These initial tests showed me two things immediately.  The first is that Cython is extremely liberal in what it accepts.  The python code I ran through the Cython compiler included calls to import various libraries and other idiomatic Python features and it handled it without complaint.  I saw references that Cython is not a full Python implementation (at least not yet) and that some types of valid Python will fail, but it certainly seems to handle most cases.  All of the unit tests, continued to pass at this point.  The second is that while many examples show that Cython can speed up certain types of Python code with no changes at all, it is not magic and certain types of Python programs can be slowed down by using Cython.

Along those lines, I played with it by passing in the “wrong” type.  Namely, I passed in a float where I had defined an int in the Cython code.  The Python version happily switched to outputting float values.  The Cython version executed without errors but the output remained an int and was now substantially rounded compared to the results from the Python version.

So I pulled out just one class that mostly did different types of arithmetic.  I went through and meticulously went through changing def to cpdef and putting in types everywhere it made any sense to do so.  I tried that, and there was still no speedup.

So I finally ran it through the profiler, something that under normal circumstances would have been my first action.  I found that the vast majority of the time was being spent in a function of PIL that got called several times (though the functions from the class did seem to be minutely faster).   This proved a solid reminder of the importance of profiling before doing any kind of optimization.  Here, the time certainly wasn’t wasted since it gave me a chance to play with Cython, but had I started with the profiler I might readily have decided this wasn’t a great test case and found a different one.
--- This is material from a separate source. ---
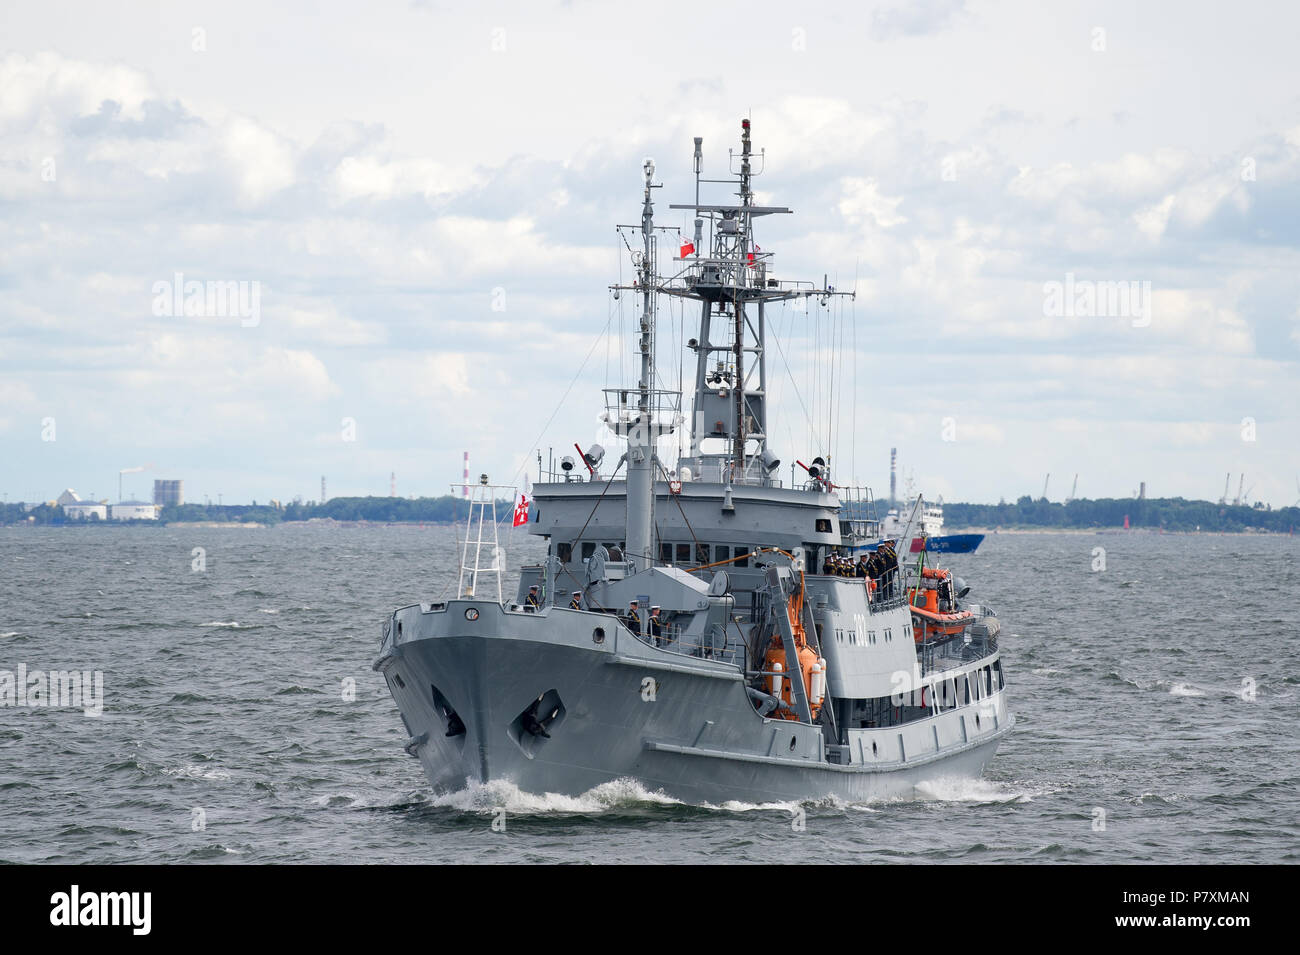 Piast polonais-class-sauvetage bateau de sauvetage 282 ORP Lech durant la parade navale pour célébrer la 100e annversary de marine polonaise de Gdynia, Pologne. 24 juin 2018 Banque D'Images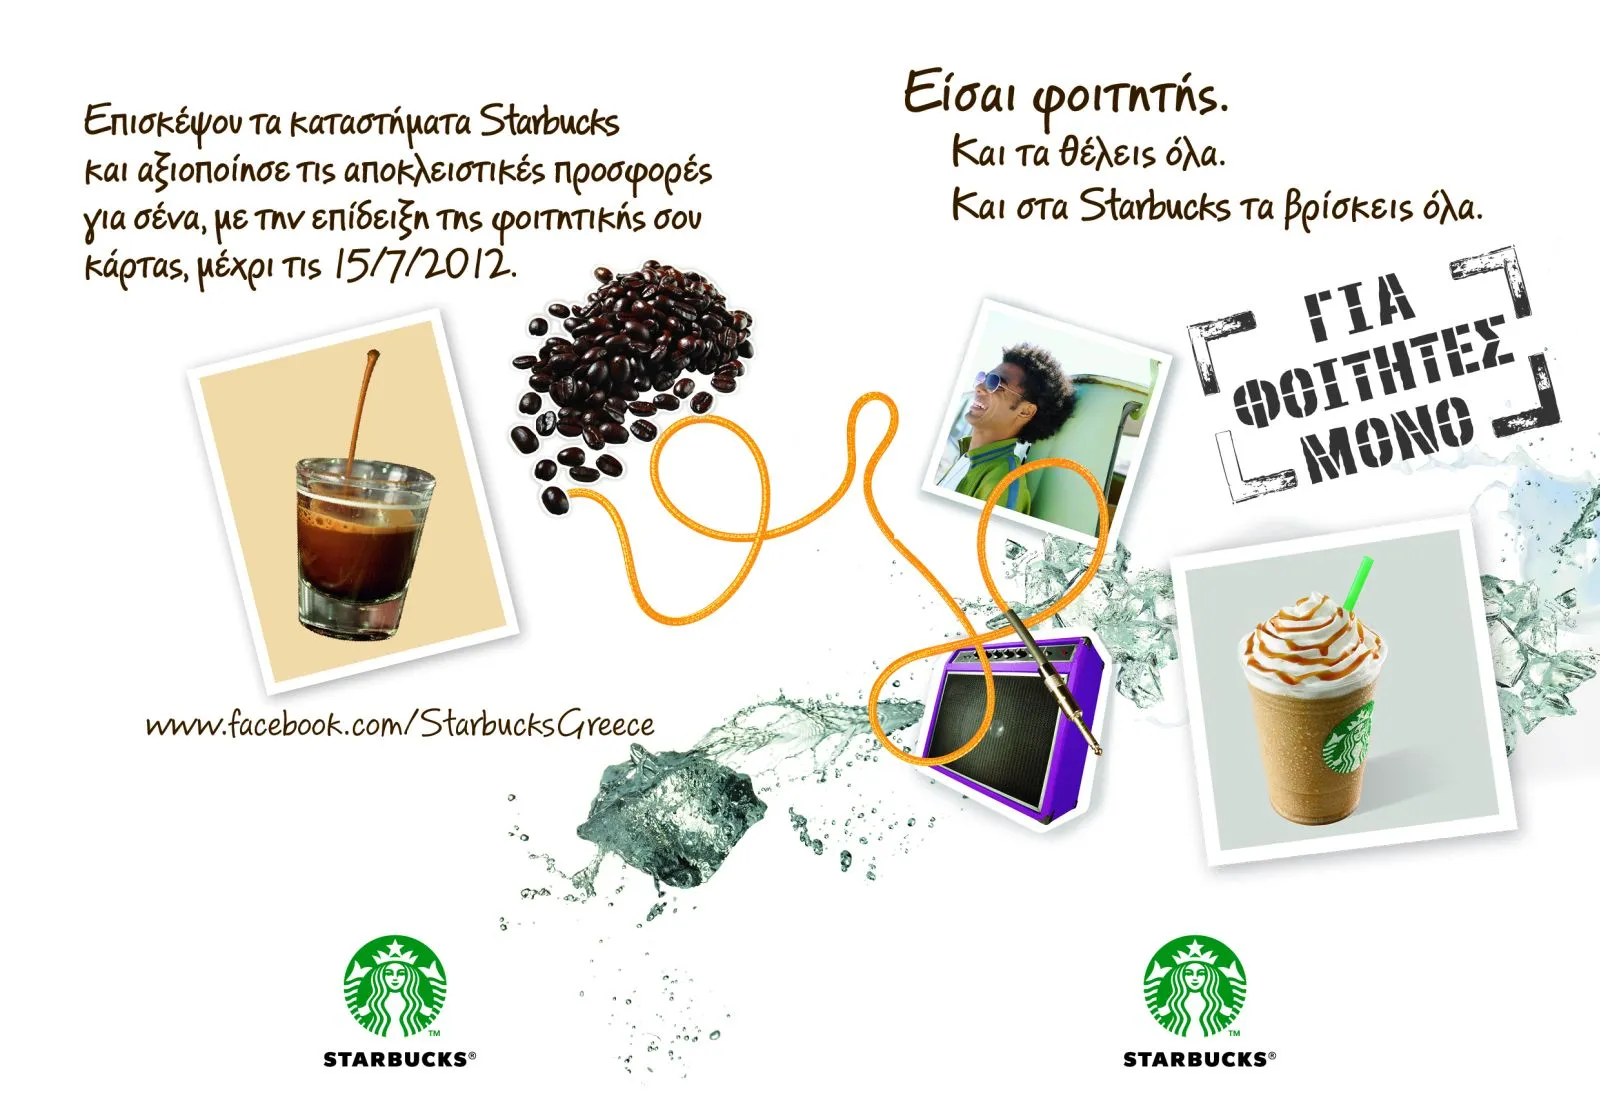 Καλοκαίρι στα Starbucks παρέα με super φοιτητικές προσφορές!

To keep playing with it, I setup a new python file that imported that class in both its pure python version and in the Cython version with type declarations and ran some of the methods a few thousand times with timeit.   This showed that the Cython version ran in about a tenth of the time.

Conclusions

Cython seems to have a great ability increase the speed of Python code and will almost certainly be a tool I use repeatedly.  With that said, to get full advantage of it require some additional work.  Also, the first step in almost any sensible optimization plan should be to apply the profiler.

Class and instance variables in Python 2.7

The differences and interactions between class variables and instance variables are well described in the Python 2.x documentation, but they can be slightly subtle in some cases and I recently spent quite some time troubleshooting an issue even though I should have known better.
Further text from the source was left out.